'Sepetak
gurun di Mesir yang dulu adalah samudra menyimpan rahasia tentang
salah satu transformasi evolusi yang paling luar biasa.'
Tiga
puluh tujuh juta tahun silam di samudra prasejarah Tethys, seekor
binatang sepanjang 15 meter yang gerakannya lentur dengan rahang
mencangah, dan gigi gergaji mati dan tenggelam ke dasar laut. Lalu
selama ribuan milenium selimut sedimen kian menebal, menutupi
tulang-tulang si gergasi . Laut kemudian surut dan dasar laut berganti
menjadi gurun pasir, angin mulai mengetam batu pasir dan serpihan batu
di atas tulang-tulang tersebut. Perlahan dunia berubah. Pergeseran
kerak bumi mendorong India ke dalam Asia, mendesak naik Pegunungan
Himalaya. Di Afrika, nenek moyang pertama manusia menegakkan tubuh dan
berjalan dengan kaki belakang mereka. Kemudian para firaun membangun
piramida. Kekaisaran Romawi bangkit, lalu runtuh. Di sepanjang
perjalanan waktu tersebut, angin melanjutkan penggaliannya yang sabar.
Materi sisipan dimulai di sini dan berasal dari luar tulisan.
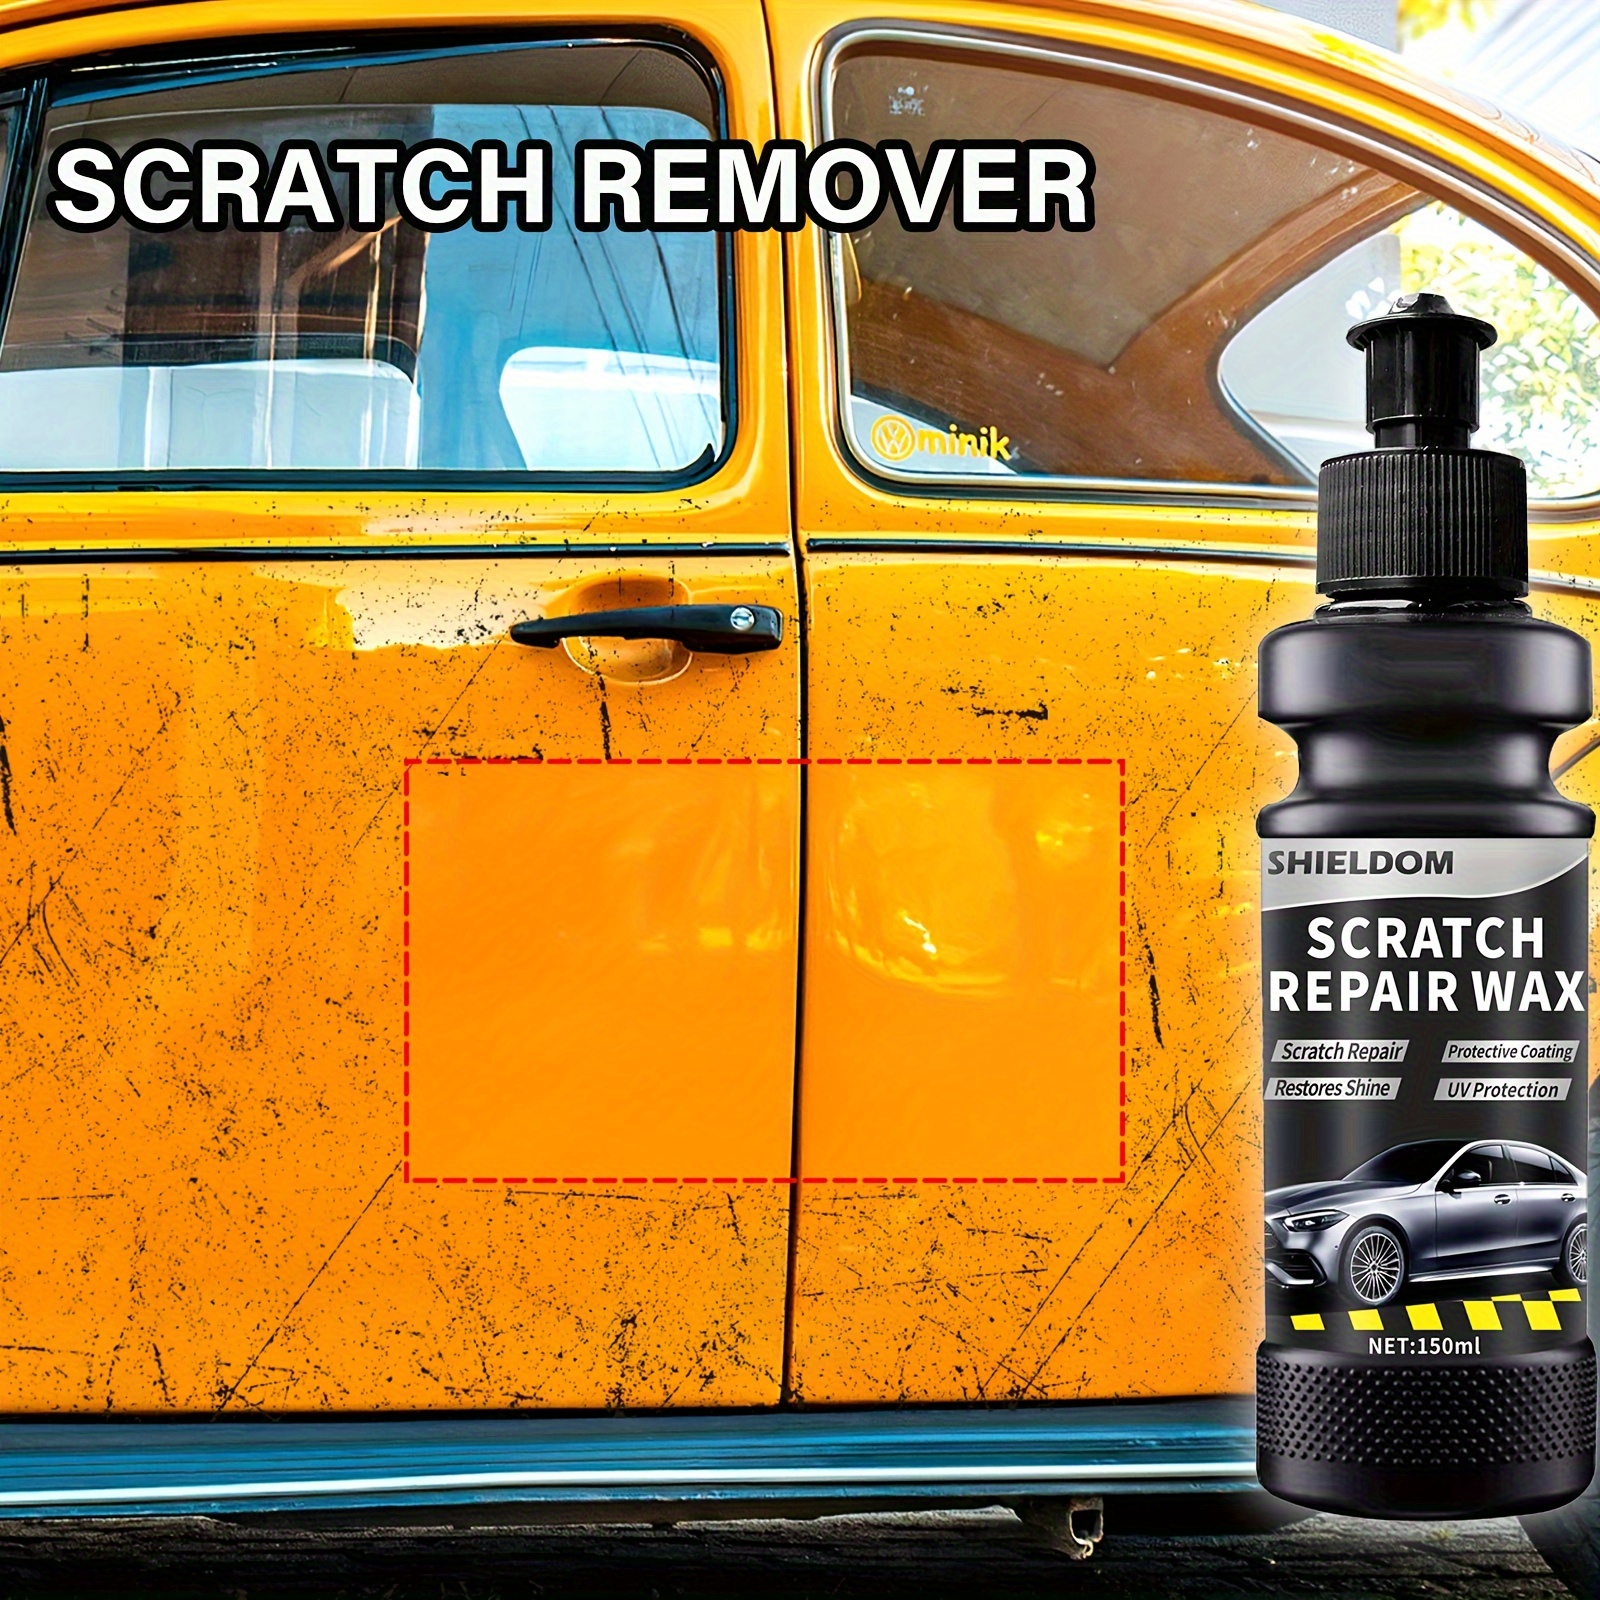 150ml Cleaning Agent New Car Coating Wax Anti Scratch Polish Liquid Nano  Ceramic Coat Detailing Wash Maintenance car accessories - AliExpress

Lalu pada suatu hari Philip Gingerich datang untuk menuntaskan
pekerjaan sang angin.
Saat
Matahari terbenam di suatu malam bulan November tahun silam,
Gingerich yang ahli paleontologi vertebrata University of Michigan
merebahkan badan di samping tulang punggung makhluk yang disebut
Basilosaurus itu. Kami berada di satu lokasi di Wadi Hitan, sebuah
gurun Mesir. Fosil gigi hiu, duri landak laut, dan tulang ikan lele
raksasa berserakan di atas pasir di sekeliling Gingerich. 'Aku
menghabiskan begitu banyak waktu di antara makhluk-makhluk laut ini
sehingga segera saja aku hidup di dunia mereka,' katanya sambil
menyodok-nyodok satu ruas tulang belakang sebesar batang kayu dengan
kuas. 'Saat aku memandang gurun pasir ini, lautan yang kulihat.'
Gingerich sedang mencari bagian penting dari anatomi makhluk itu, dan
ia diburu waktu. Hari kian temaram, dia harus kembali ke perkemahan
sebelum membuat rekan-rekannya khawatir. Wadi Hitan merupakan tempat
yang indah, tetapi tak kenal ampun. Selain tulang-tulang monster laut
prasejarah, Gingerich menemukan sisa jasad-jasad manusia yang naas.
Gingerich
beringsut ke arah ekor tulang, memeriksa setiap ruas tulang punggung
dengan gagang kuas. Lalu, dia berhenti dan meletakkan kuasnya. 'Ini
dia harta karunnya,' katanya. Sambil membersihkan pasir dengan
jemarinya secara hati-hati, Gingerich menyingkap sebatang tulang
ramping, panjangnya tak lebih dari 20 sentimeter. 'Jarang-jarang kita
bisa melihat kaki paus,' katanya sambil mengangkat tulang itu dengan
kedua tangan secara takzim.
Basilosaurus
jelas seekor paus, tetapi paus yang punya dua kaki belakang kecil
yang mencuat dari panggulnya, masing-masing sebesar kaki anak
perempuan tiga tahun. Kaki kecil nan elok itu—terbentuk sempurna meski
tak berguna, setidaknya untuk berjalan—adalah petunjuk penting untuk
memahami bagaimana paus modern yang telah begitu sukses beradaptasi
sebagai mesin renang diturunkan dari mamalia darat yang pernah
berjalan dengan empat kaki. Gingerich telah mengabdikan sebagian besar
kariernya untuk menjelaskan metamorfosis yang boleh dibilang
merupakan yang terbesar dalam dunia satwa. Dalam perjalanan itu, ia
telah menunjukkan bahwa paus, yang dulu diagulkan kaum kreasionis
sebagai bukti terbaik yang menentang evolusi, justru mungkin merupakan
bukti evolusi yang paling elegan.
'Spesimen
lengkap seperti Basilosaurus itu ibarat batu Rosetta,' kata Gingerich
saat kami berkendara kembali ke perkemahan lapangannya. 'Spesimen
lengkap dapat mengungkap cara hidup suatu hewan jauh lebih banyak
daripada jasad sepotong-sepotong.'
Wadi
Hitan yang secara harfiah berarti 'lembah paus' ternyata sangat kaya
akan “mutiara” semacam itu. Selama 27 tahun terakhir, Gingerich dan
rekan-rekannya telah menemukan sisa-sisa dari 1.000 ekor lebih paus di
tempat tersebut dan masih banyak lagi yang menunggu untuk ditemukan.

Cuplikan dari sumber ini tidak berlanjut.